Rights for Women: The Suffrage Movement and Its Leaders
The Seneca Falls Convention and the Early Suffrage Movement

It was eight years before Elizabeth Cady Stanton and Lucretia Mott would carry out their agreement to hold a convention on women’s rights. On July 19 and 20th, 1848, they hosted the Seneca Fall Convention on women’s rights in Seneca Falls, New York. At the convention, they presented and the delegates adopted a “Declaration of Sentiments,” a document modeled on the Declaration of Independence, which called for a range of women’s rights, including the right to equal education, equal treatment under the law, and the right to vote. Sixty-eight women and thirty-two men signed the Declaration of Sentiments. Among the signers was Frederick Douglass, the prominent abolitionist.

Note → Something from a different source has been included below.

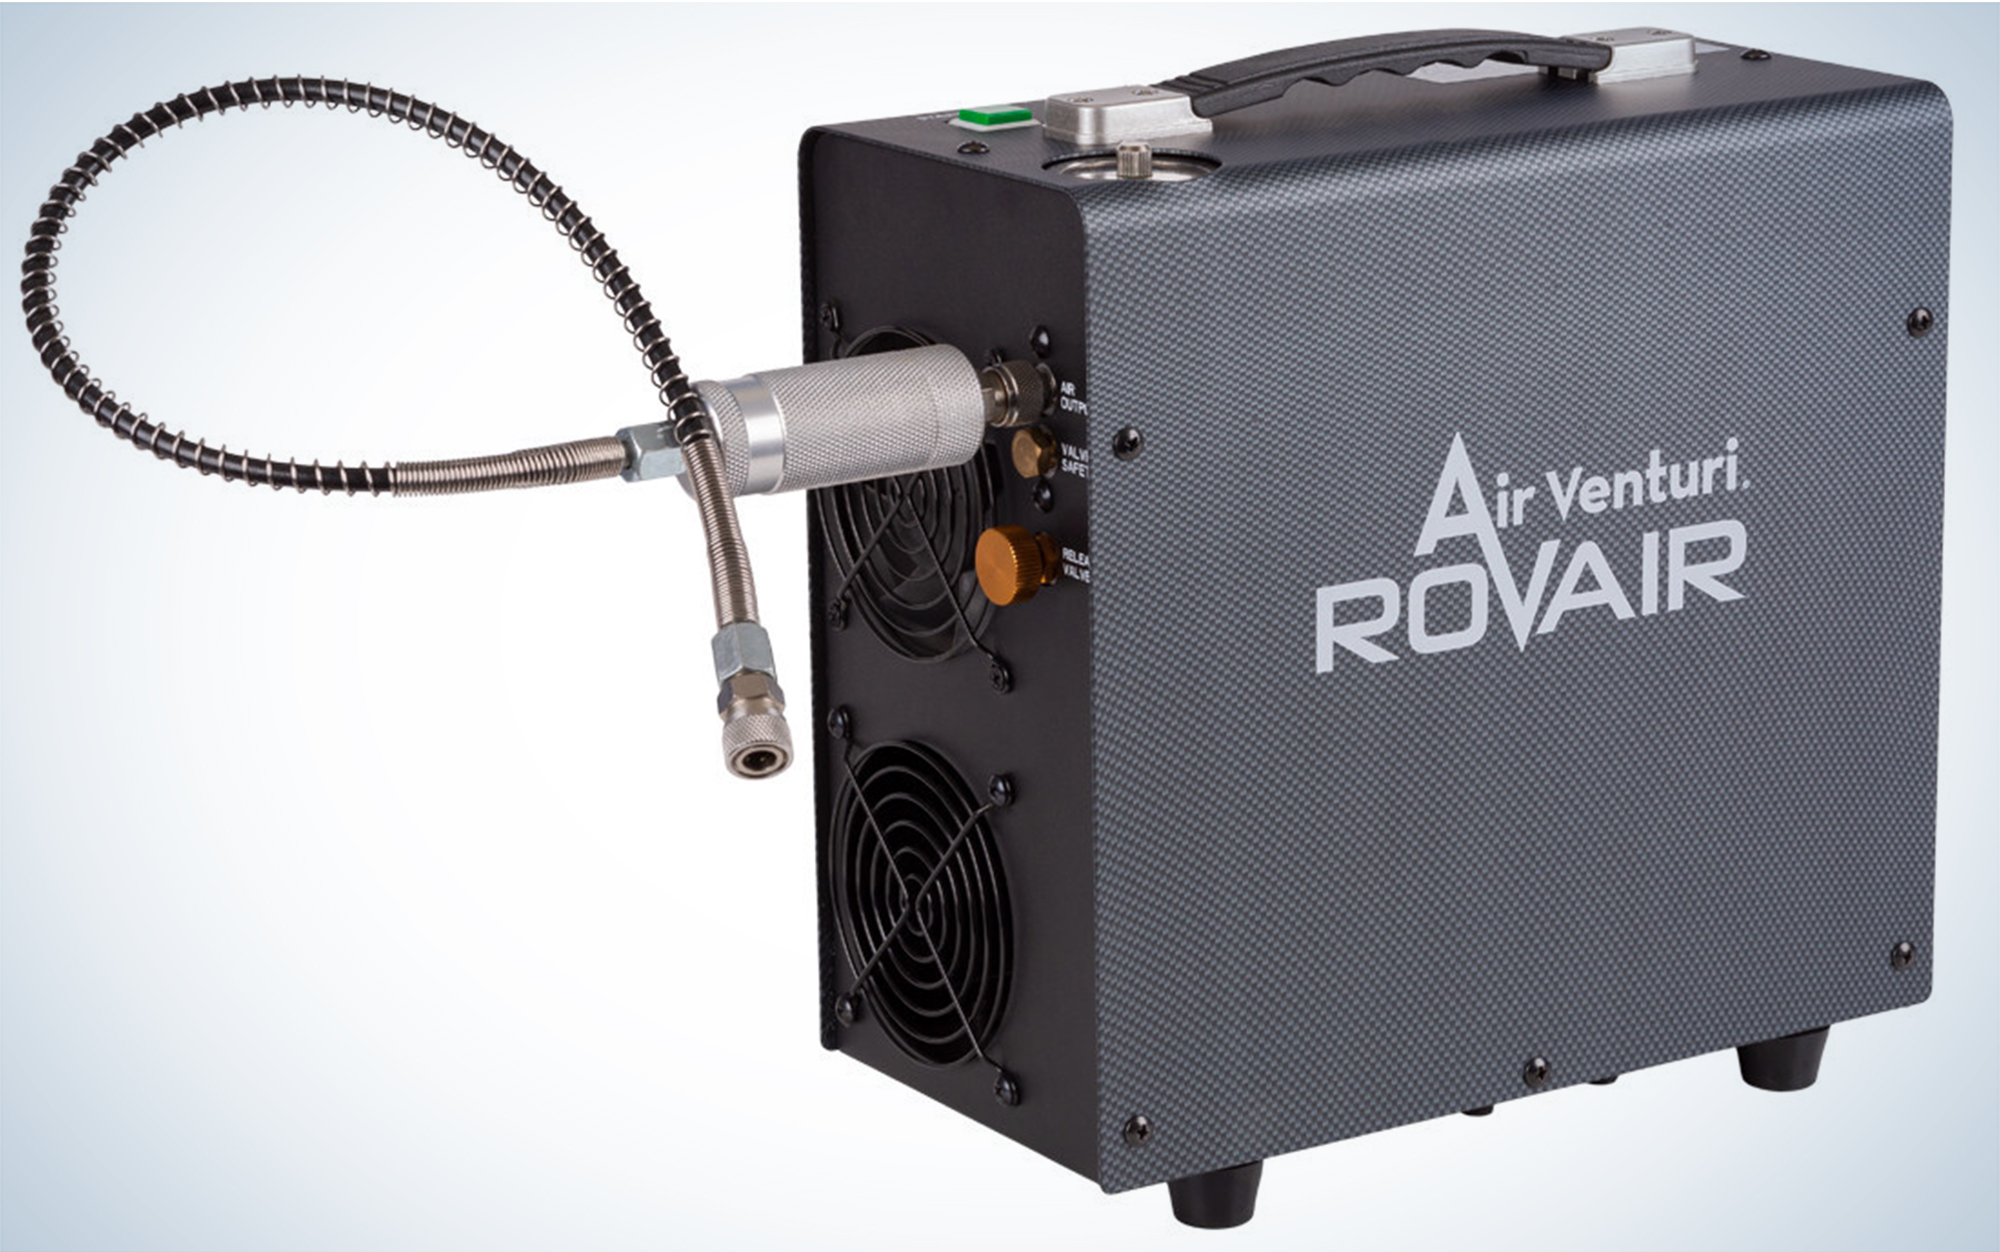 We tested the AirVenturi ROVAIR 4500 Portable Compressor.

Over the next decade, women held numerous other conventions and conferences on the issue of women’s rights and undertook campaigns to improve married women’s property rights and secure other rights for women.

During the Civil War, women temporarily suspended their work on women’s rights. Beginning in 1863, Elizabeth Cady Stanton and Susan B. Anthony organized women in support of the 13th Amendment, which abolished slavery.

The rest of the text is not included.